Zu jener Zeit hatten die Briten den Süden mit Yangon als Zentrum annektiert; die Grenze verlief im Sittang-Tal südlich von Pyinmana, also auf dem Gebiet des heutigen Naypyitaw. In der Mitte des 19. Jahrhunderts waren die Nationen längst nicht mehr auf vergleichbarem technologischem Niveau. Der Osten, aus dem ehedem das Licht kam, hatte seinen Glanz verloren, war auf dem Wege in die «Unterentwicklung» und wurde mehr und mehr zum Objekt der Ausbeutung durch Europa. Im ersten Krieg tauchte 1824 das erste Dampfschiff als Symbol der industriellen Moderne im Hafen von Yangon auf. Im Zeitalter des industriellen Take-off verfügte Grossbritannien über die grösste abhängige Bauernschaft der Welt, die Rohstoffe und Nahrungsmittel von Irland über Afrika bis Südostasien produzierte. Die Birmanen hatten von portugiesischen Händlern Waffen aus dem 18. Jahrhundert erworben. Das prachtvolle Mandalay sollte sie vor den Briten schützen und war nicht am Fluss, sondern einige Meilen landeinwärts angelegt worden; sie konnten bis zum tragischen Ende 1885 nicht glauben, dass die Briten einfach einmarschierten und den König ins indische Exil verfrachteten.

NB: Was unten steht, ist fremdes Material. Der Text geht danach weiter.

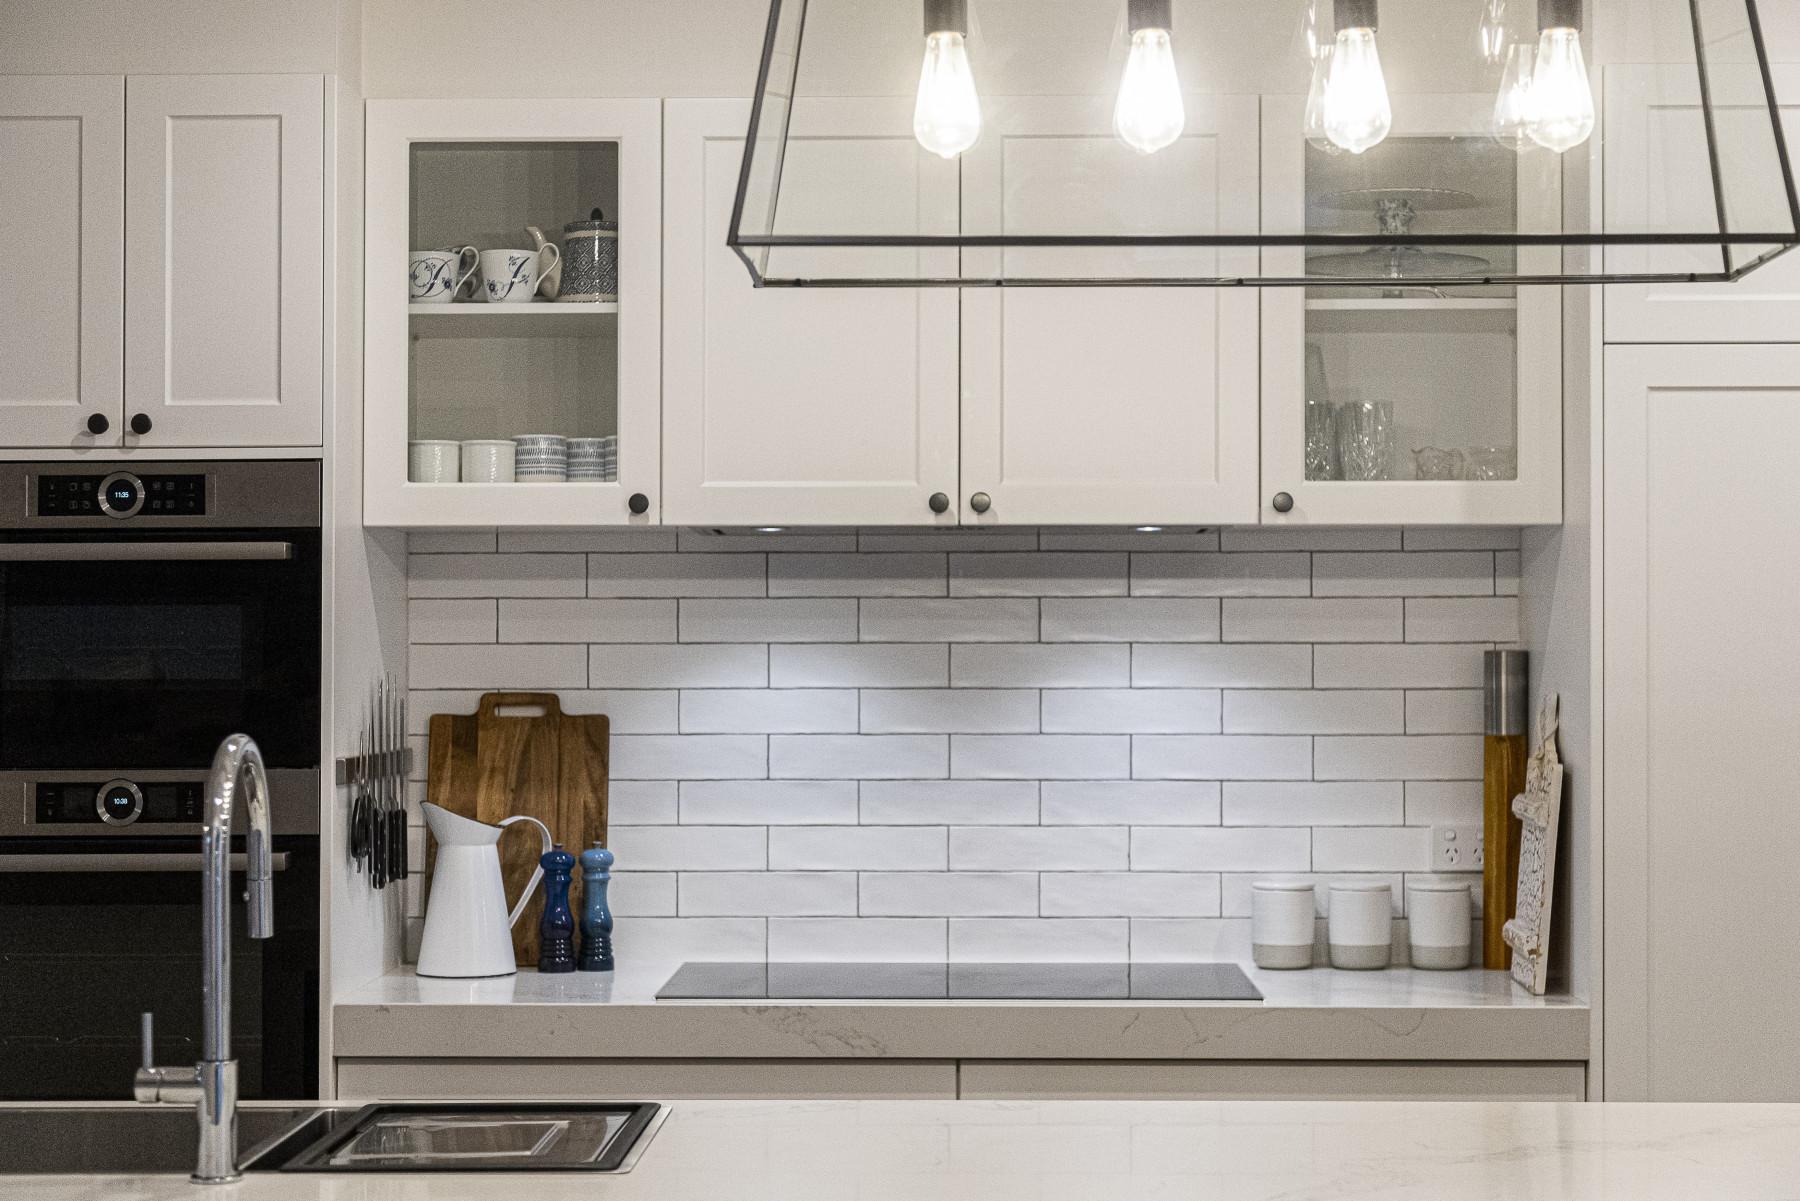 kitchen lighting ideas - Tim Kyle

Die Folgezeit blieb ähnlich rasant.
Die Briten hatten nach 1852 Yangon zu einem sich am Fluss entlangziehenden Hafen- und Handelszentrum ausgebaut, eine vom absoluten Staat rational befohlene Kolonialstadt, die der Profitmaximierung diente. Die einheimische Bevölkerung wurde weitgehend verdrängt. Stattdessen wurden Millionen von indischen Arbeitskräften eingeführt. Funktionale Gruppen lebten nebeneinander, es konnte sich kein bürgerliches Bewusstsein bilden – J. S. Furnivall hat das als «Plural Society» beschrieben.

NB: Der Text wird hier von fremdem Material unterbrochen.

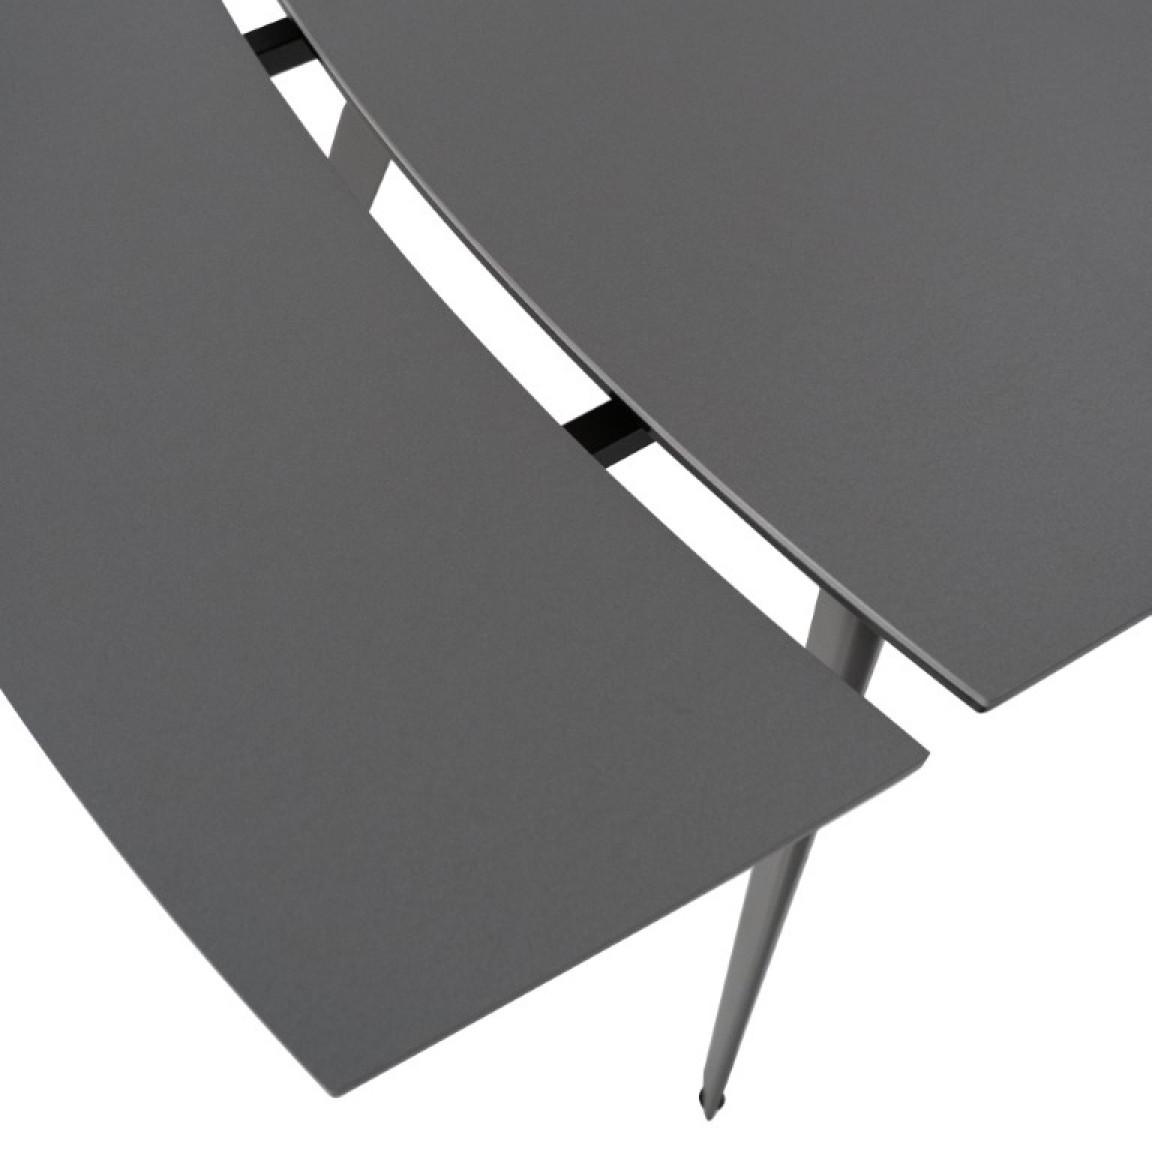 Verlängerbarer Tisch 140 / 170 / 200 cm   Grau

Anschliessend gab es erste Anzeichen von Emanzipation.
Erster Widerstand bildete sich 1906, als B. A.-Studenten des Rangoon College die Young Men’s Buddhist Association gründeten. In den Städten bildeten sich Social Improvement Groups, Debattierclubs und nationalistische Zeitungen, und in den 1920er-Jahren traten politisierte Mönche auf. Das buddhistische Streben nach Erlösung von universellem Leid wurde umgedeutet in ein Streben nach Befreiung aus politischem und wirtschaftlichem Übel. 1920 kam es zum Streik von Studenten der zuvor von den Briten gegründeten Universität. Ihre Anführer nannten sich Thakin (Bedeutung: Herr), um zu demonstrieren, dass sie die Herren des Landes seien. Sie hatten Nietzsche gelesen und liessen sich vom Begriff des Übermenschen leiten; die Frauen nannten sich Thakinma. 1930 brachen mörderische Unruhen zwischen indischen Schauerleuten und birmanischen Arbeitswilligen im Hafen aus. Das ländliche Birma erhob sich in der Saya-San-Rebellion gegen das Kolonialregime.

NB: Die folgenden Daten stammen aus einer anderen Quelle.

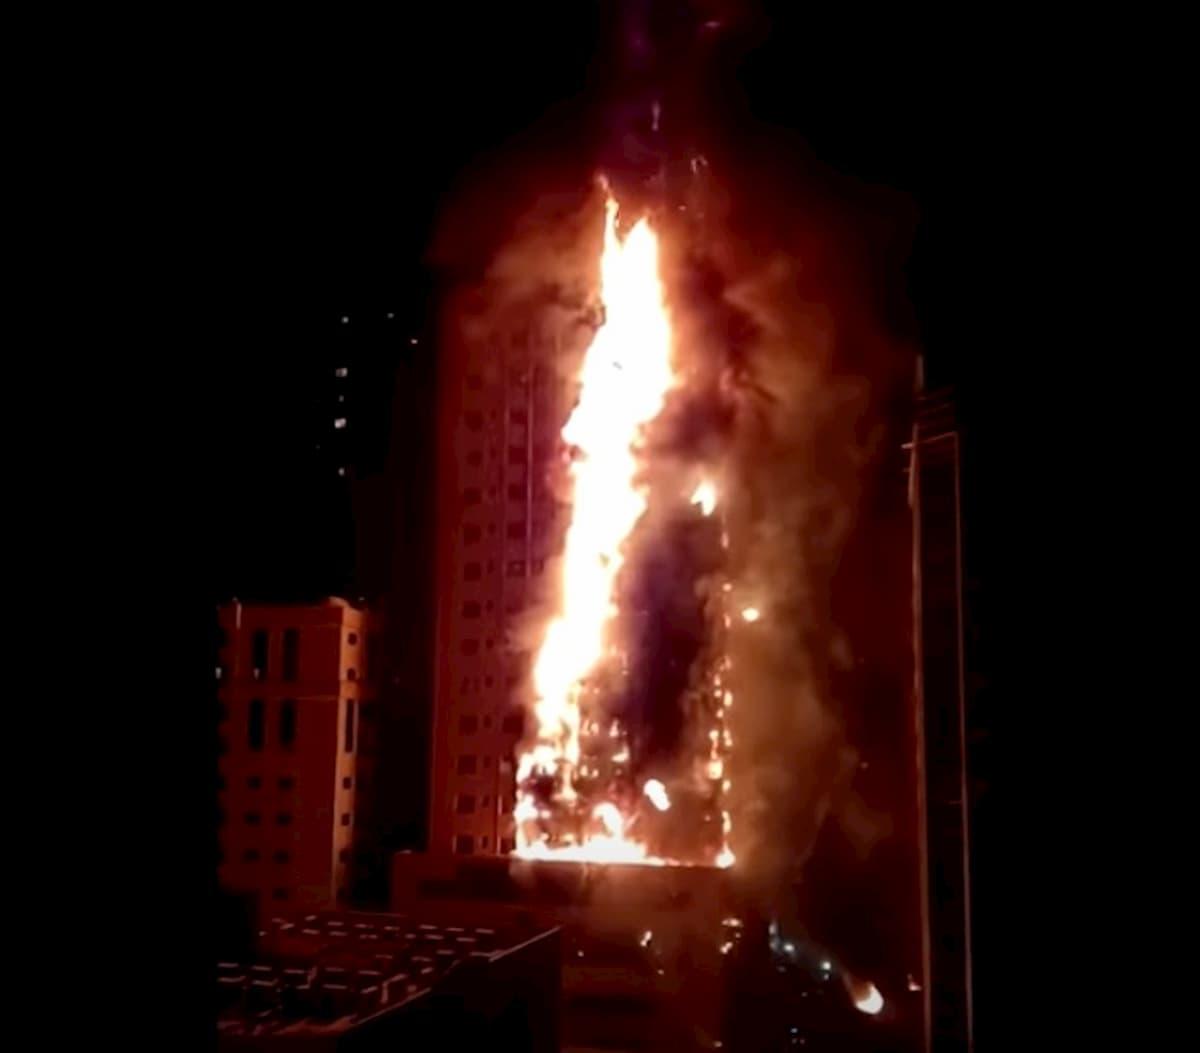 Emirati Arabi, incendio in un grattacielo residenziale a Sharjah VIDEO

Am 23. Dezember 1941 bombardierten die Japaner Yangon, Massen von Indern verliessen in Panik und Angst die Stadt; auf ihrem Leidensmarsch nach Indien kamen an die 80 000 Menschen auf dem Weg durch den Dschungel ums Leben. Eine birmanische Unabhängigkeitsarmee unter dem charismatischen Thakin Aung San zog mit den Japanern in Yangon ein; die Japaner gewährten dem Land 1943 die «Unabhängigkeit» im Rahmen der Greater East-Asian Co-Prosperity Sphere – eine Chimäre; die Japaner brachten dem Land nicht die Freiheit, sondern sie wollten dessen Rohstoffe.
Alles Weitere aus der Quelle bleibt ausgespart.